Run the command below to see what backbones are supported for the sequence translation task.
SequenceToSequence.supported_backbones
['T5', 'Bart', 'Marian']
Call the model's available_backbone_models()
method with the backbone name to get the available models for that backbone. The call to available_backbone_models method will list out only a few of the available models for each backbone. Visit this link to get a complete list of models for each backbone.
SequenceToSequence.available_backbone_models("T5")
['t5-small', 't5-base', 't5-large', 't5-3b', 't5-11b', 'See all T5 models at https://huggingface.co/models?filter=t5 ']
Load model architecture
Invoke the SequenceToSequence
class by passing the data and the backbone you have chosen. The dataset consists of house addresses in non-standard format with synthetic errors, we will finetune a t5-base pretrained model. The model will attempt to learn how to standardize and correct the input addresses.
model = SequenceToSequence(data,backbone='t5-base')
Model training
The learning rate
[1] is a tuning parameter that determines the step size at each iteration while moving toward a minimum of a loss function, it represents the speed at which a machine learning model "learns". arcgis.learn
includes a learning rate finder, and is accessible through the model's lr_find()
method, which can automatically select an optimum learning rate, without requiring repeated experiments.
lr = model.lr_find()
lr
0.1445439770745928
Training the model is an iterative process. We can train the model using its fit()
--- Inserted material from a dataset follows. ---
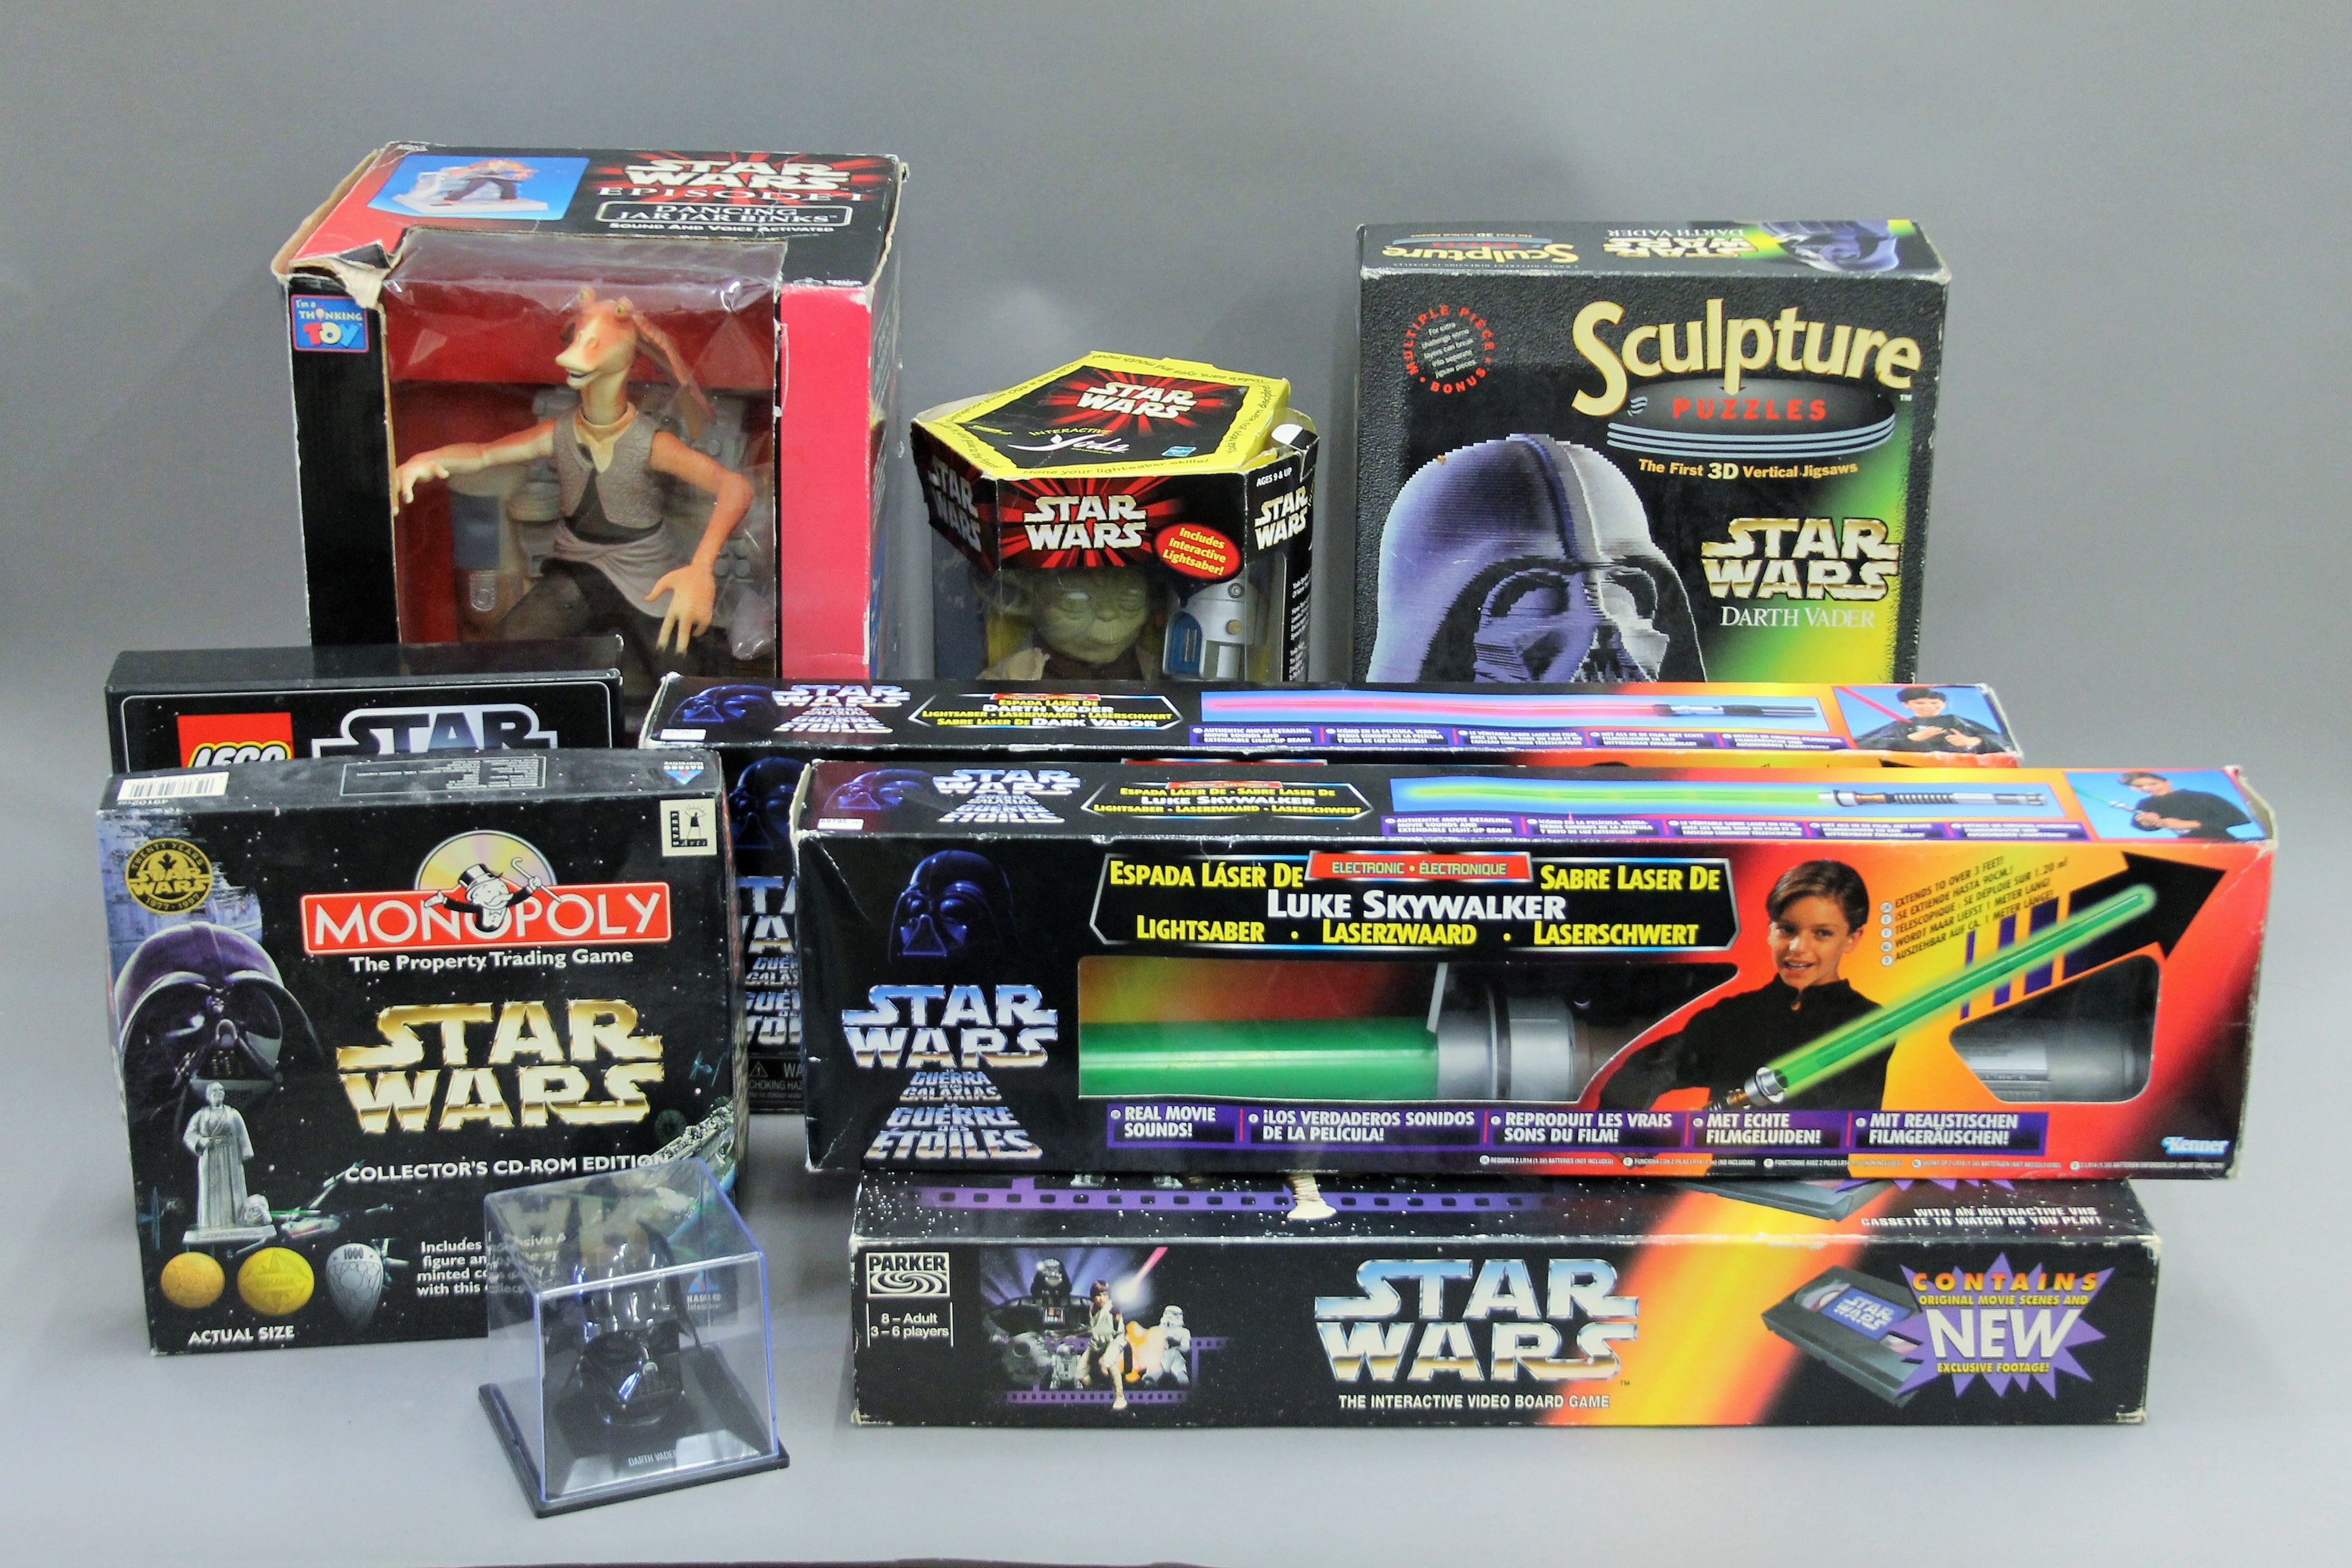 A box of Star Wars toys.

method till the validation loss (or error rate) continues to go down with each training pass also known as epoch. This is indicative of the model learning the task.
model.fit(1, lr=lr)
epoch | train_loss | valid_loss | seq2seq_acc | bleu | time |
---|---|---|---|---|---|
0 | 1.287657 | 0.951018 | 0.863680 | 0.752205 | 11:10 |
By default, the earlier layers of the model (i.e. the backbone) are frozen. Once the later layers have been sufficiently trained, the earlier layers are unfrozen (by calling unfreeze()
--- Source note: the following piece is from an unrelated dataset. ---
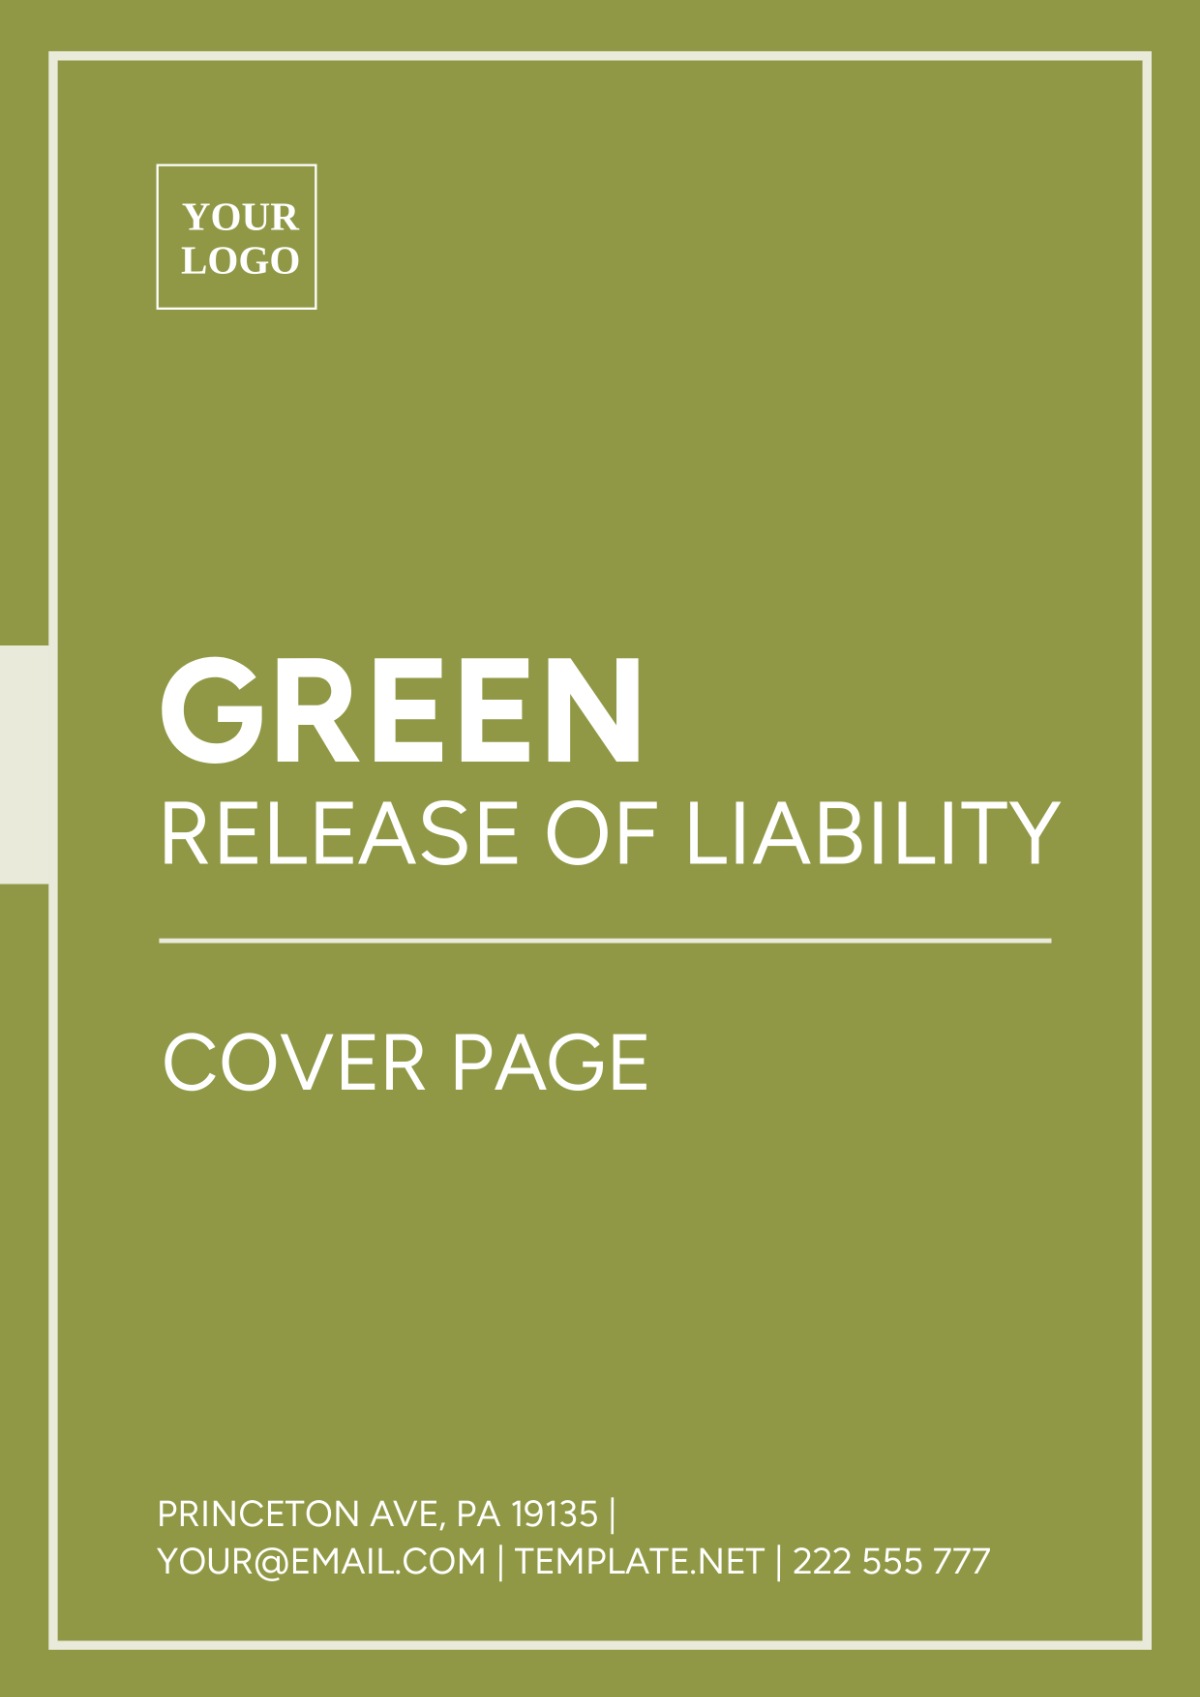 Green Release of Liability Cover Page

method of the class) to further fine-tune the model.
model.unfreeze()
lr = model.lr_find()
lr
model.fit(5, lr)
epoch | train_loss | valid_loss | seq2seq_acc | bleu | time |
---|---|---|---|---|---|
0 | 0.331751 | 0.278617 | 0.962188 | 0.916663 | 17:45 |
1 | 0.177372 | 0.153773 | 0.982446 | 0.959307 | 17:36 |
2 | 0.143805 | 0.118750 | 0.987322 | 0.970336 | 17:37 |
3 | 0.118908 | 0.105951 | 0.989088 | 0.974331 | 17:40 |
4 | 0.124536 | 0.103347 | 0.989461 | 0.975195 | 17:41 |
model.fit(3, lr)
epoch | train_loss | valid_loss | seq2seq_acc | bleu | time |
---|---|---|---|---|---|
0 | 0.116942 | 0.100216 | 0.989321 | 0.974961 | 17:49 |
1 | 0.103494 | 0.088271 | 0.990844 | 0.978451 | 17:43 |
2 | 0.091599 | 0.084226 | 0.991426 | 0.979786 | 17:40 |
Validate results
Once we have the trained model, we can see the results to see how it performs.
model.show_results()
text | target | pred |
---|---|---|
940, north pennsylvania avneue, mason icty, iowa, 50401, us | 940, n pennsylvania ave, mason city, ia, 50401, us | 940, n pennsylvania ave, mason city, ia, 50401, us |
24640, a-b 305th srreet, nora speings, iowa, 50458, us | 24640, a-b 305th st, nora springs, ia, 50458, us | 24640, a-b 305th st, nora cetings, ia, 50458, us |
2920, 1st srteet south west, mason ciry, iowa, 50401, us | 2920, 1st st sw, mason city, ia, 50401, us | 2920, 1st st sw, mason city, ia, 50401, us |
210, s rhode island ave, mason ctiy, ia, 50401, us | 210, s rhode island ave, mason city, ia, 50401, us | 210, s rhode island ave, mason city, ia, 50401, us |
427, n massachudetts ave, mason coty, ia, 50401, us | 427, n massachusetts ave, mason city, ia, 50401, us | 427, n massachudetts ave, mason city, ia, 50401, us |
Model metrics
To get a sense of how well the model is trained, we will calculate some important metrics for our SequenceToSequence
model. To see what's the model accuracy [2] and bleu score [3] on the validation data-set. We will call the model's get_model_metrics()
method.
model.get_model_metrics()
{'seq2seq_acc': 0.9914, 'bleu': 0.9798}
Saving the trained model
Once you are satisfied with the model, you can save it using the save() method. This creates an Esri Model Definition (EMD file) that can be used for inferencing unseen data.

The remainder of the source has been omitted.